Cobblers Face The Boot In Moscow
"My name is Yukhan Daniilovich Bavidov," says a man working in a small street stall. "I've been here in Moscow since 1955. I've had two cobbler's stalls, and I've been in this one for 35 years. Before that I worked in a stall on Chekhov Street, as it used to be called. Now it's Little Dmitrovka Street."
A Service In Demand
Trade is brisk at Bavidov's tiny stall, located just a stone's throw from the Bolshoi Theater in central Moscow. A long row of shoelaces, in every size and color, hangs from a piece of wire that stretches the length of his shop window. Inside, there's just enough room for a cobbler's wheel, a rickety stool, and a battered leather satchel full of tools.
A distraught young woman in an expensive suit comes in to have the heel of one of her gold stilettos repaired. She perches on a pile of boxes, as Bavidov lovingly tends to the shoe. Then an old man arrives with three pairs of well-worn winter boots wrapped in a paper bag.
Like many of Moscow's cobblers, Bavidov is an Assyrian Christian, descendents of the ancient kingdom of Assyria through which the Euphrates and Tigris rivers flowed. Bavidov's parents lived in Ottoman Turkey until the empire targeted the Assyrian diaspora in 1914, reportedly massacring hundreds of thousands.
Like thousands of others, Bavidov's parents fled to Russia and the South Caucasus, where they were granted asylum by the tsar.
"From the time of World War I we started to work, to labor, so the sweat stood on our brows, he said. "And then, in 1949, 90 percent of the Assyrian population was banished to Tomsk in Siberia. Most came from Azerbaijan and Georgia. When they arrested us, they forced us to say that we were Kurds, not Assyrians. But we kicked up a great fuss. We wouldn't say we were Kurds. We are Assyrians, and we will always be Assyrians."
Not Following In Dad's Footsteps
Bavidov's family was rehabilitated in 1955 and he moved to Moscow, where he was apprenticed to an Armenian shoemaker. Bavidov says that in those days, 90 percent of Moscow's Assyrian community worked as cobblers and shoe-shiners. The more experienced ones had their own stalls, the younger ones simply set up shop on the pavement.
But today, he says sadly, their children don't want to follow in their fathers' footsteps.
"The old ones have gone, the young ones don't want to be cobblers," he added. "They've become too bright. They have different qualifications. Look here, I have four children. The first went to university. The second went to university. The third went to a vocational college. Do you really think they'd want to become cobblers now?"

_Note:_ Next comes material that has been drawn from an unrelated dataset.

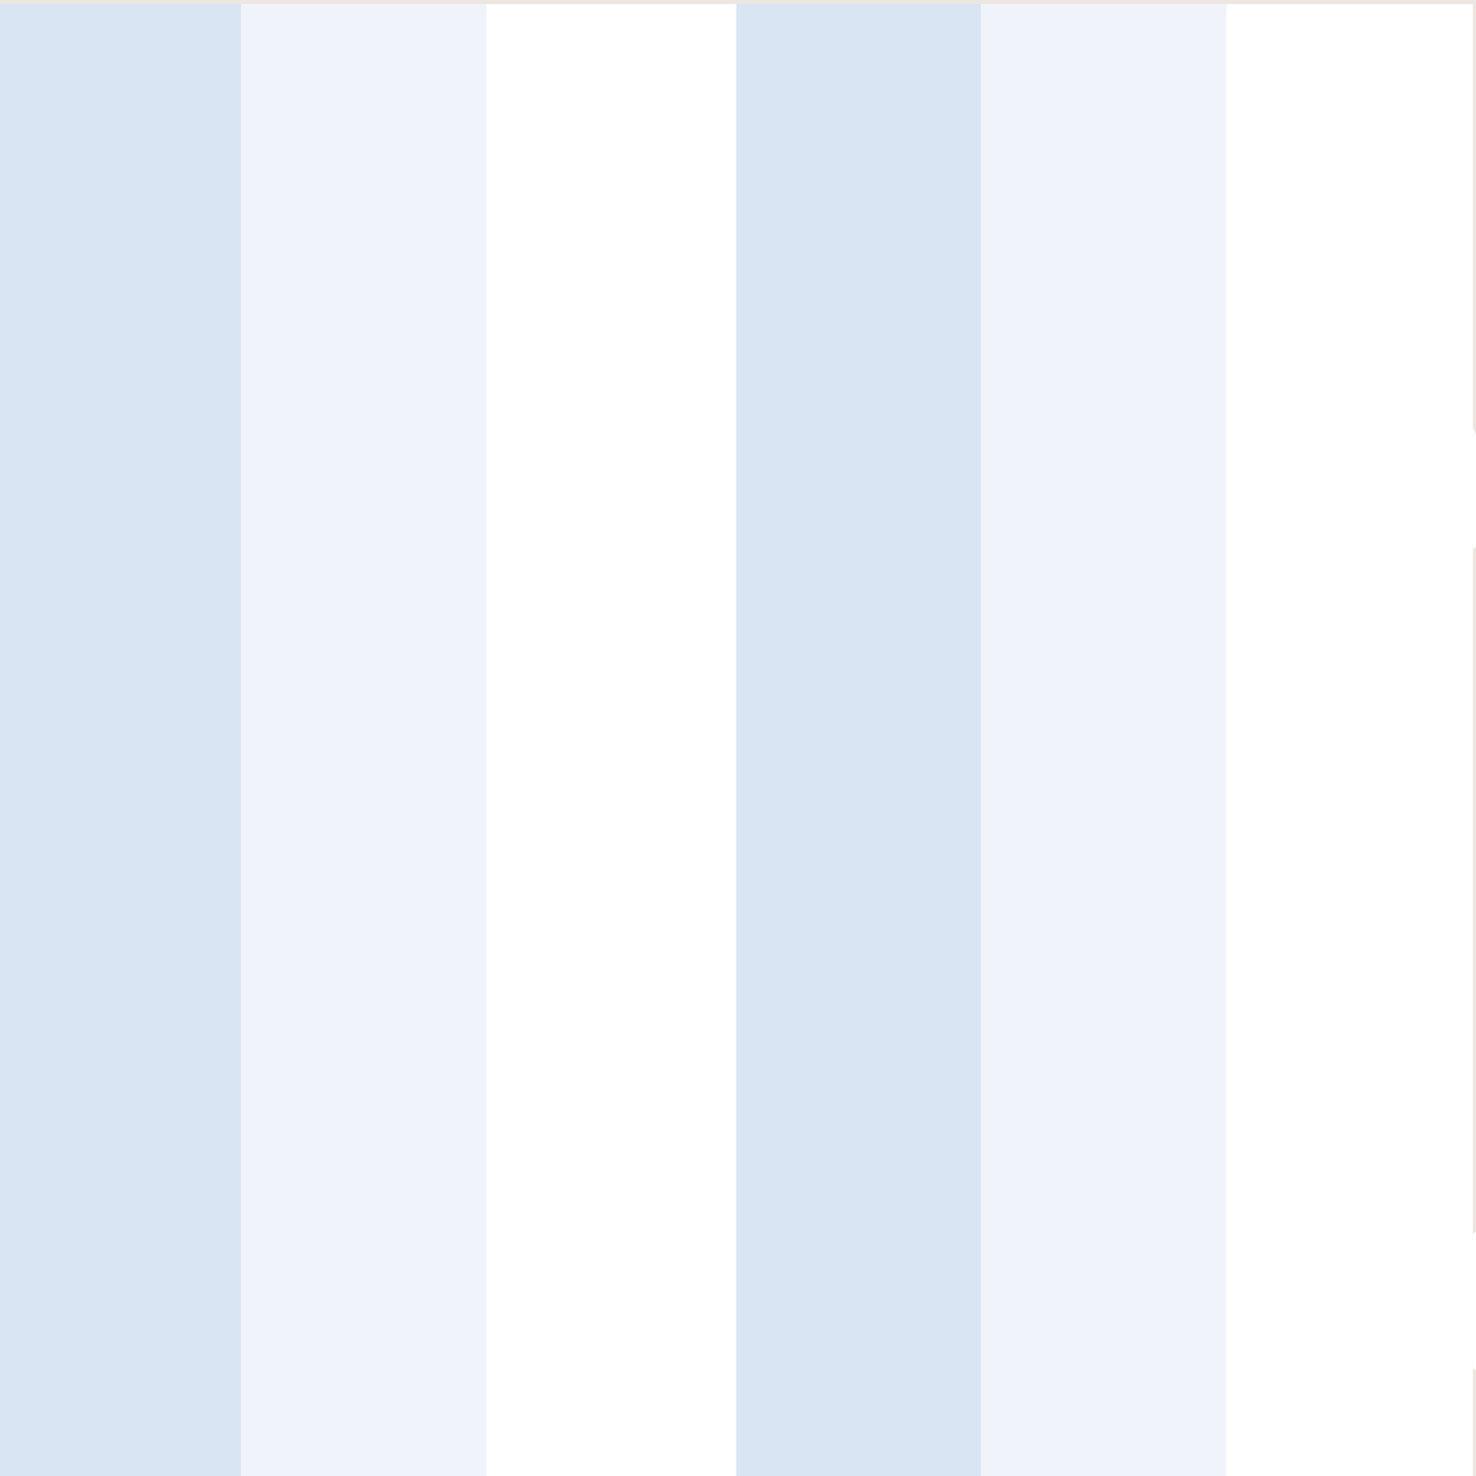 tapete papier gestreift rasch textil blau grau 330273. Black Bedroom Furniture Sets. Home Design Ideas

Bavidov sets to work hammering a steel cap onto the heel of a man's leather shoe. But this is a sound fast disappearing from the streets of Moscow. It isn't just that Russia's Assyrian community is moving away from the cobbler's trade.
Beware Of Luzhkov
Yury Luzhkov, the powerful mayor of Moscow, has declared war on the thousands of stalls and kiosks that clutter the capital's streets.
This week, he told television viewers that street stalls were unsanitary and provided poor service -- and vowed to get rid of them all.
But Bavidov, who has lived through exile to Siberia, World War II and the births of four children, seven grandchildren, and one great grandchild, is not worried.
"Oh yes, I read an article about this! But how is he going to do it? OK, so he clears them all away. Fine. But what is he going to do with the people who work in them? Are they just supposed to lie down and die? You have to provide for people. But what do I have to be afraid of now? What do I have to fear? Let's just wait and see what happens."